Sore ini, ia harus merencanakan sesuatu, bukan untuk Nana, untuk dirinya sendiri.

#

#

Jongin masih mengelus anjing peliharaan Nana. Setelah Nana pergi, Mong diputuskan tetap tinggal di Seoul dengan alasan kereta yang membawa Nana tidak memperbolehkan membawa hewan. Alasan yang terlalu sederhana menurut Kai, bagaimana pun juga Nana sudah merawat Mong sejak mereka kecil, ikatannya sudah terjalin kuat dan putus begitu saja karena kereta tidak memperbolehkan?

Kai tidak tahu kenapa ia jadi mempertanyakan hal itu, akhir-akhir ini selalu mempertanyakan apapun yang bisa dipertanyakan agar hidupnya tidak selalu berpusat pada Nana. Rasanya hidup semakin berjalan tidak masuk akal sejak kekalahannya di monopoli beberapa hari lalu. Hanya karena Kai menginap di rumah Soojung di Inggris yang harganya $300 ia kalah. Padahal rumah di Inggris yang paling murah tapi ia kalah.

Kalah telak, rebut Nana dari Sehun untukku.” Kalimat terakhir dari Soojung masih terngiang di telinganya, sangat mengganggu seperti dengung lalat yang ingin sekali dipukul, tapi memukul lalat menjijikkan sekali sehingga Kai tidak bisa melakukannya.

Ketika Jongin memutuskan akan mengirim surat untuk Nana tiba-tiba ponselnya berdering. Di layarnya terpampang nomor tidak dikenal yang sempat membuatnya mengernyit, lalu ketika ia ingat dari awal dirinya memang tidak pernah menyimpan nama di ponsel Kai segera menerima panggilan itu.

“Ini Kim Jongin atau Kai?” Si penelpon langsung berkata, pertama Kai tahu, nomor tidak dikenal ini memang benar-benar tidak dikenal karena suara yang terdengar benar-benar asing.

“Ya—“

“Aku Kyungsoo teman Nana di sekolah barunya, aku dapat nomormu dari orang bernama Sehun.”

“Nana? Kim Nana?” Kai mengepal tangannya, langsung merasa mendapat kekuatan mendengar nama itu tersebut.

“Yah dia. Perempuan sinting itu. Aku menelpon hanya ingin mengatakan kau harus datang ke sini karena Kim Nana berusaha bunuh diri, aku berusaha menghentikkannya tapi ia masih ingin melukai nadinya sendiri. Tolong kau datang, neneknya Nana masih tidur siang aku tidak bisa mengganggunya.”

Lalu telepon putus dan Kai segera berlari menuju stasiun kereta tanpa otak benar-benar bekerja.

#

#

Setelah turun dari kereta Sehun segera berjalan cepat menuju taman yang orang bernama Kyungsoo itu maksud.

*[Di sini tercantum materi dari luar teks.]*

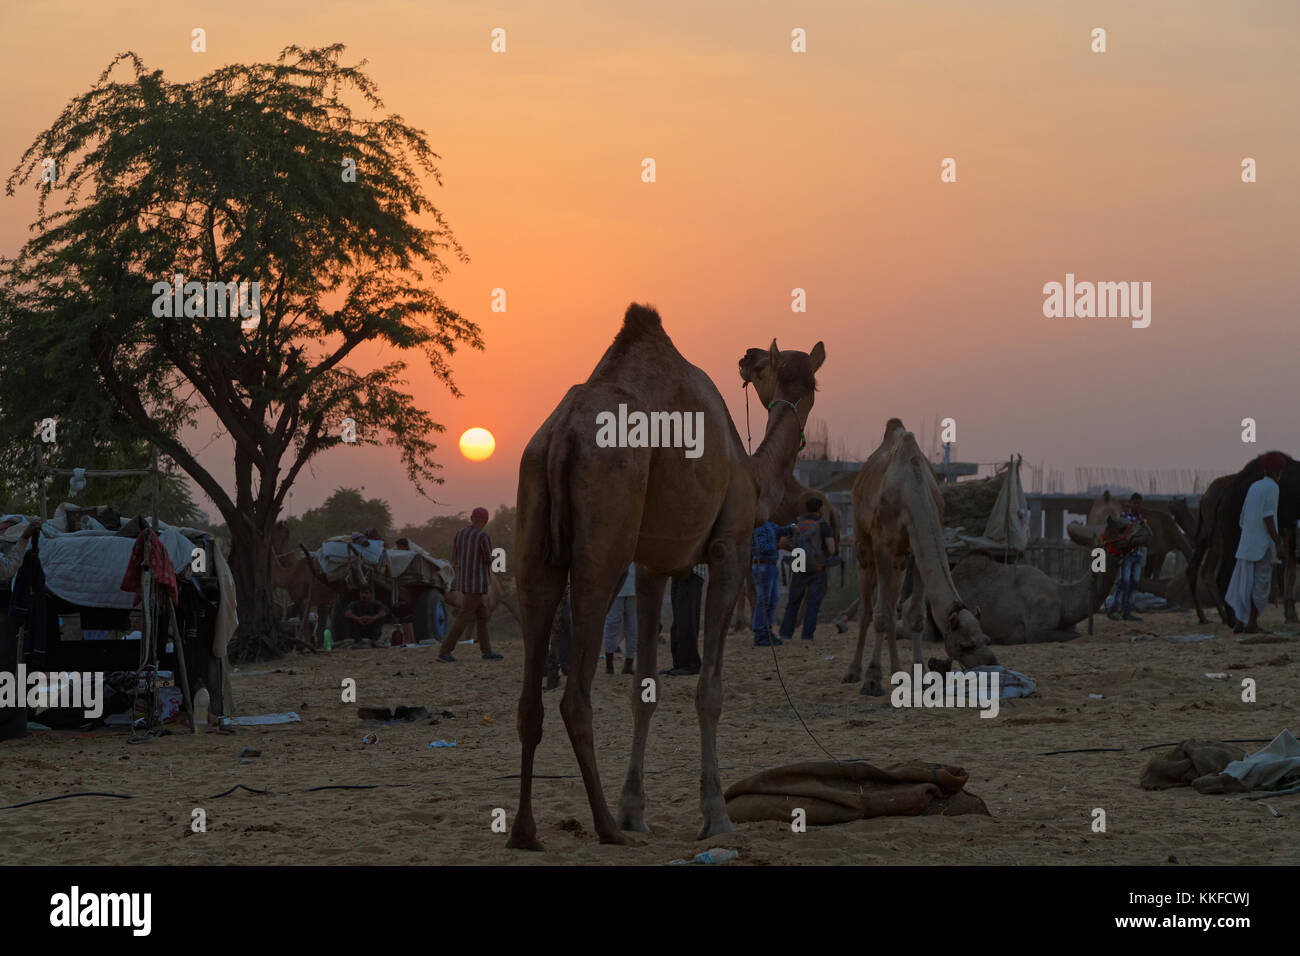 PUSHKAR, INDIA, 28 de octubre de 2017 : Atardecer en mercado de camellos. Feria de Pushkar es una de las mayores ferias de ganado en el país, con miles de camellos. Foto de stock

Beberapa jam lalu ia baru saja mendapat panggilan dari nomor terkutuk yang selalu Nana camkan padanya, dan mengetahui betapa tidak realistisnya Nana kadang-kadang ia memutuskan tetap berbicara pada orang yang kata Nana kalau bicara padanya kau akan mendapat kesialan dalam waktu 3×24 jam.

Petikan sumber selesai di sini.